Deep neural networks based on Generative Adversarial Networks (GANs) have facilitated end-to-end trainable photo-realistic text-to-image generation. Many methods also use intermediate scene graph representations for improving image synthesis. Approaches using dialogue-based interactions allow users to provide instructions to refine and adjust generated scenes incrementally. This provides users with greater control by designating the relative positions of objects in the background. However, the language used in the above methods is restricted, and the produced images are limited to synthetic 3D visualizations or cartoons.
Intending to create a universal neural machine translation system capable of translating between any language pair, a team of Google researchers has developed a new framework, the Tag-Retrieve-Compose Synthesize system (TReCS). The proposed method significantly enhances the image generation process by improving how the language evokes image elements and how traces inform their placement. The system is trained on over 25 billion examples and has the potential to handle 103 languages. Its features align the mouse traces with text descriptions and create visual labels for the provided phrases.

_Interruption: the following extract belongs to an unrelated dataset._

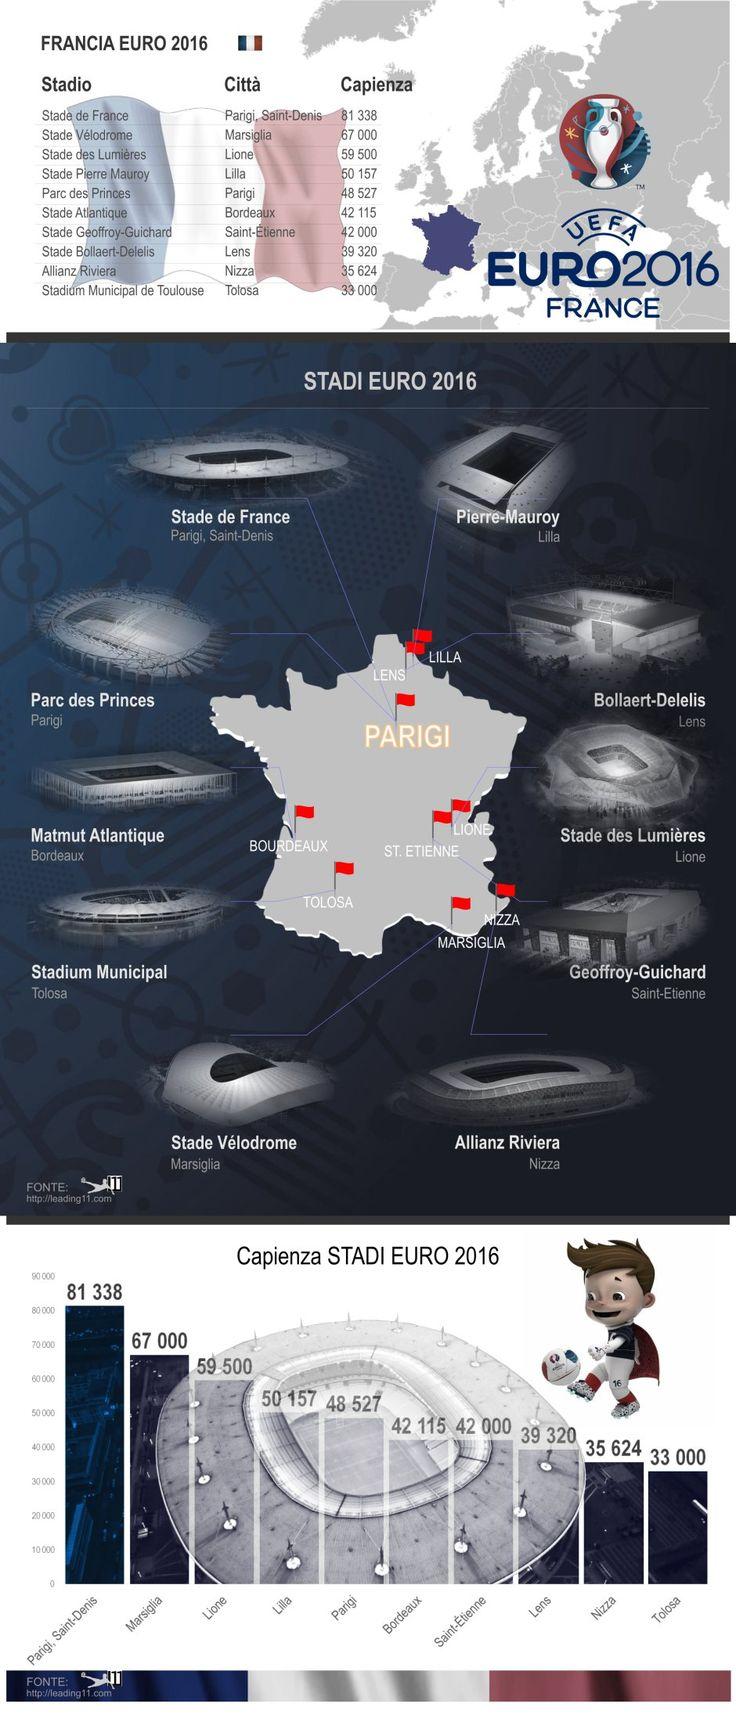 Euro 2016, Francia, Stadi France, Stadiums Euro 2016, Capacity, Capienza, Parc des Princes, Stade de France, Stade des Lumières, calcio, football, statistiche, sport, soccer, Fußball, fútbol

- The new framework leverages controllable mouse traces as fine-grained visual grounding to generate high-quality images given user narratives. A tagger is used to predict object labels for each word in the phrase.
- A text-to-image dual encoder retrieves the images with semantically relevant masks. For each trace sequence, one mask is chosen to maximize the spatial overlap, which overcomes the ground-truth text-to-object information and better grounds descriptions.
- Selected masks are composed corresponding to trace order, with separate canvases for background and foreground objects. The foreground mask is placed over the background one to create a full scene segmentation.
- Lastly, a realistic image is synthesized by inputting the entire segmentation to mask-to-image translation models.
On evaluation, the new system outperforms the SOTA text-image generation techniques under both automatic and human judgment. It shows the practicability of generating realistic and controllable photos from the complicated text on noisy narratives translated from everyday speech. The TReCS system accounts for the intricacy of text-image generation of lengthy and complex text descriptions. The proposed method shows that mouse traces can be a useful source for realistic text-image generation.
One of the study’s limitations is the lack of suitable evaluation metrics to measure the generated images’ quality quantitively. The existing metrics do not reasonably reflect the semantic similarity between the ground-truth image and the machine-generated one.
In the coming years, the proposed idea can support various applications offering a friendly human-machine interface. It could help artists create prototypes, draw insights from machine-generated photos and generate realistic images. Additionally, it can be used to design a human-in-the-loop evaluation system to optimize the network.